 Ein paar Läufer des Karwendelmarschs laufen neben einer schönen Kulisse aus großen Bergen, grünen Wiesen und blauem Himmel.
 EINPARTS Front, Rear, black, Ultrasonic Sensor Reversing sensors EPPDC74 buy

* * *

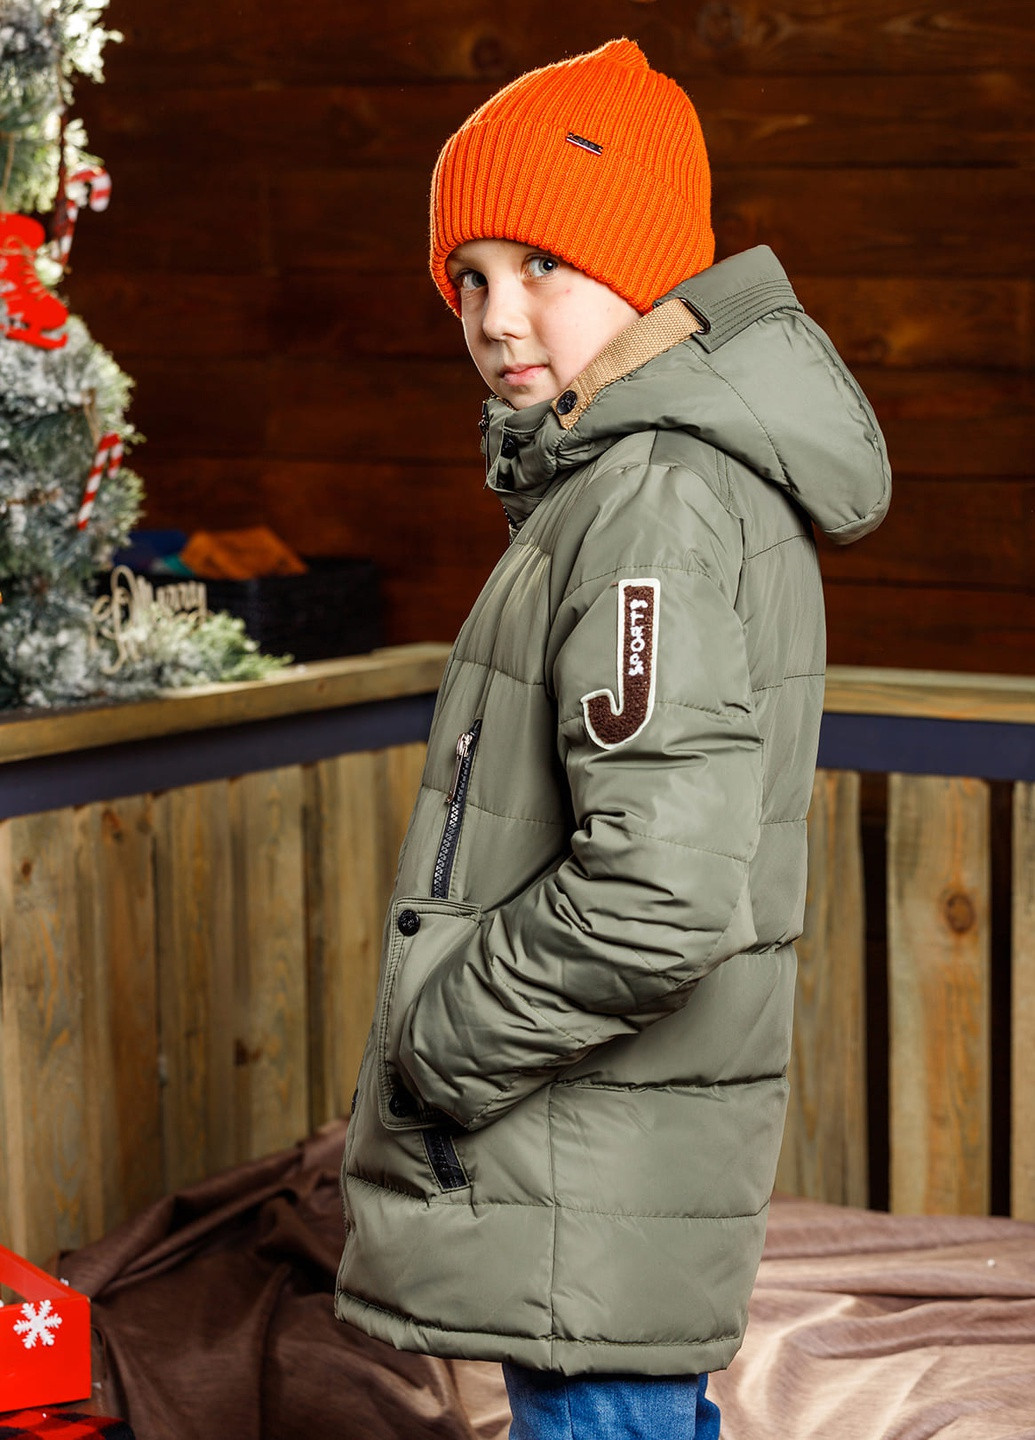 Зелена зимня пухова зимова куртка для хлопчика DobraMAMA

---

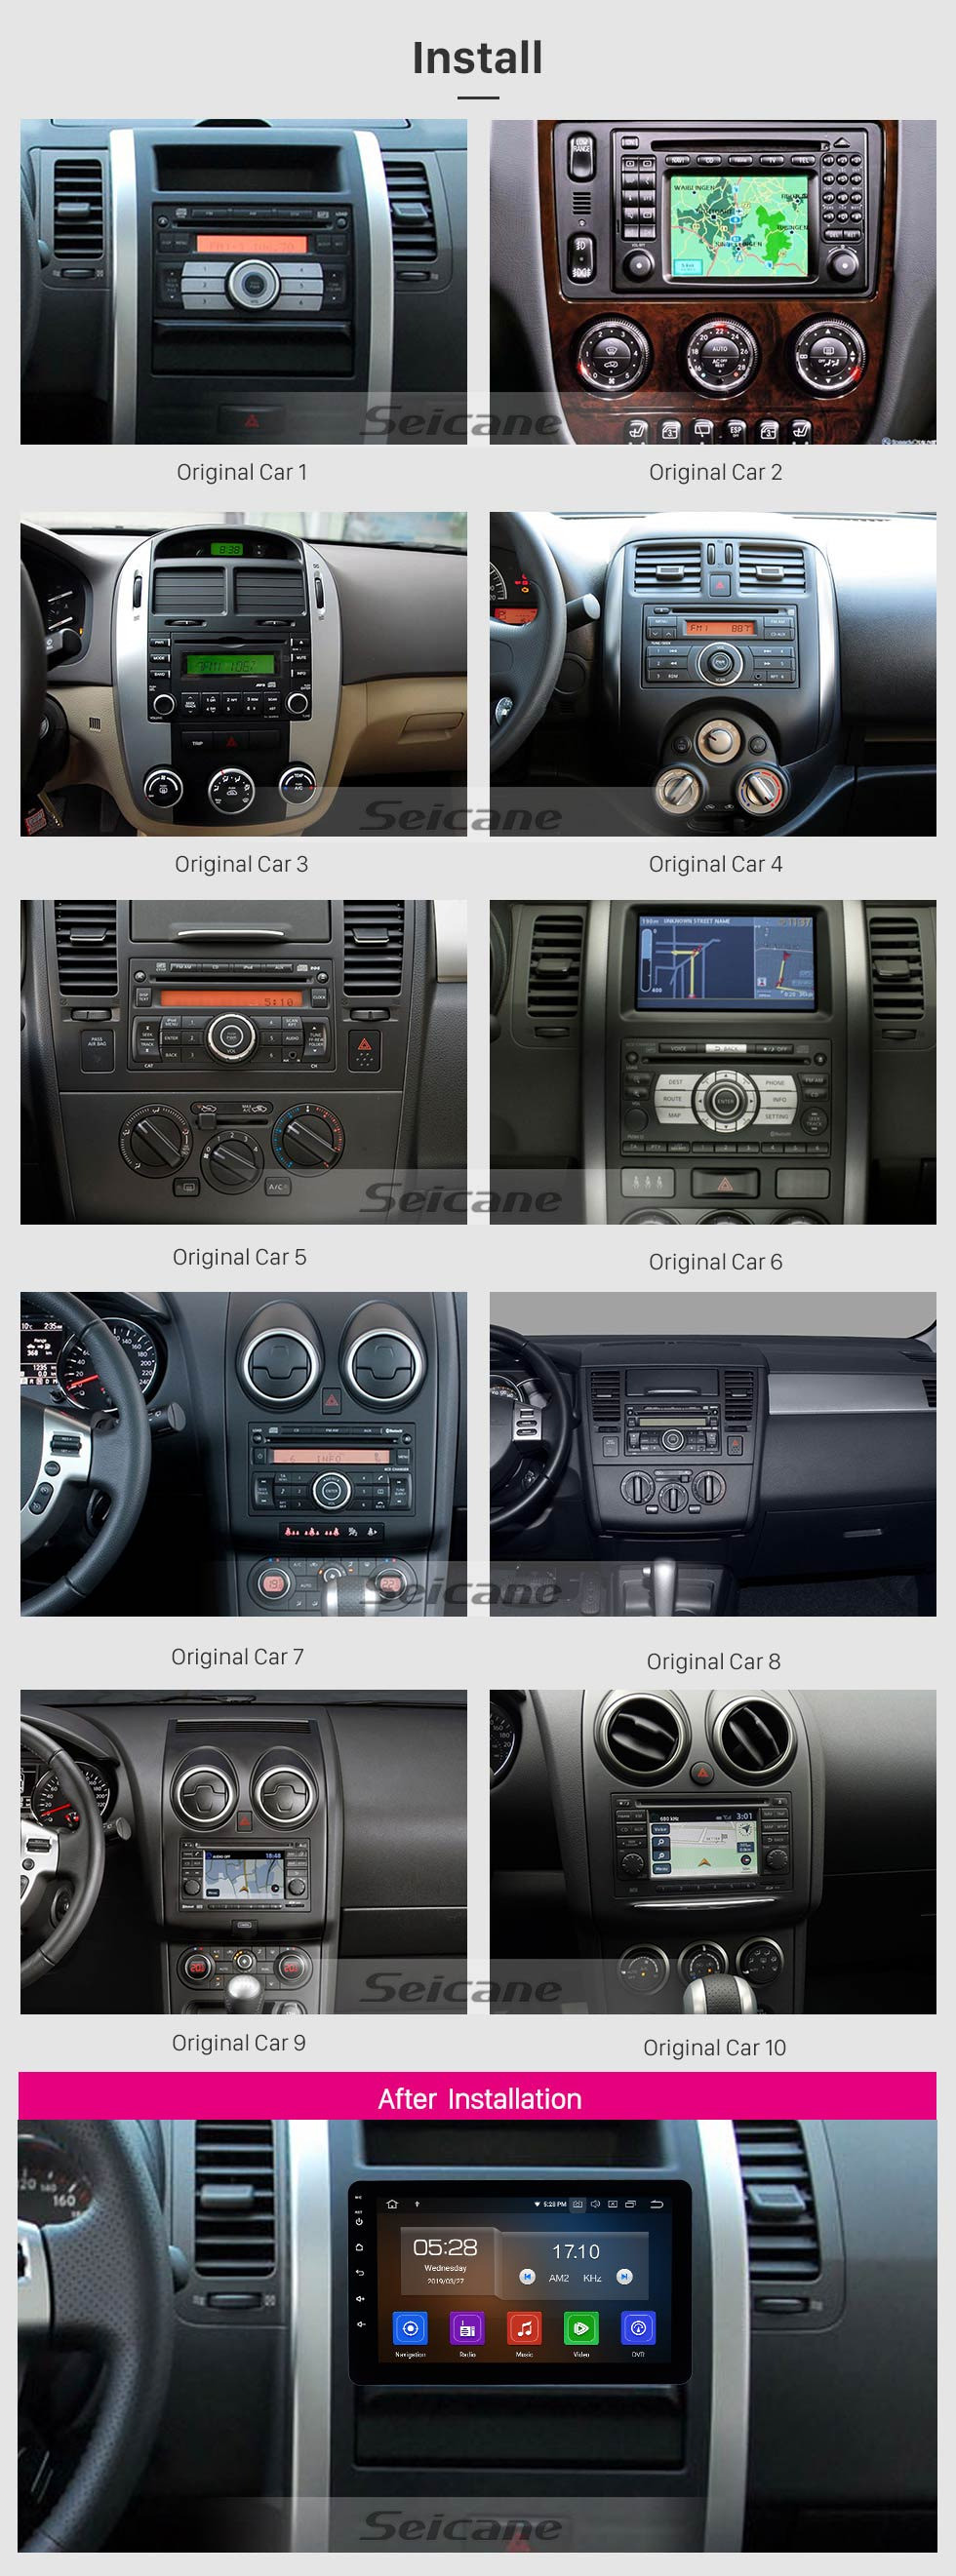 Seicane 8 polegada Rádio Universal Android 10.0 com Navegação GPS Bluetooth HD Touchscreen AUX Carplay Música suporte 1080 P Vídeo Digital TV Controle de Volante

* Your task:
Could you return exactly the stretch of the data above that starts at the line with "Ein paar Läufer" and ends at the line with "EINPARTS Front, Rear, black, Ultrasonic", both lines included?

* Reply to the exercise:
 Ein paar Läufer des Karwendelmarschs laufen neben einer schönen Kulisse aus großen Bergen, grünen Wiesen und blauem Himmel.
 EINPARTS Front, Rear, black, Ultrasonic Sensor Reversing sensors EPPDC74 buy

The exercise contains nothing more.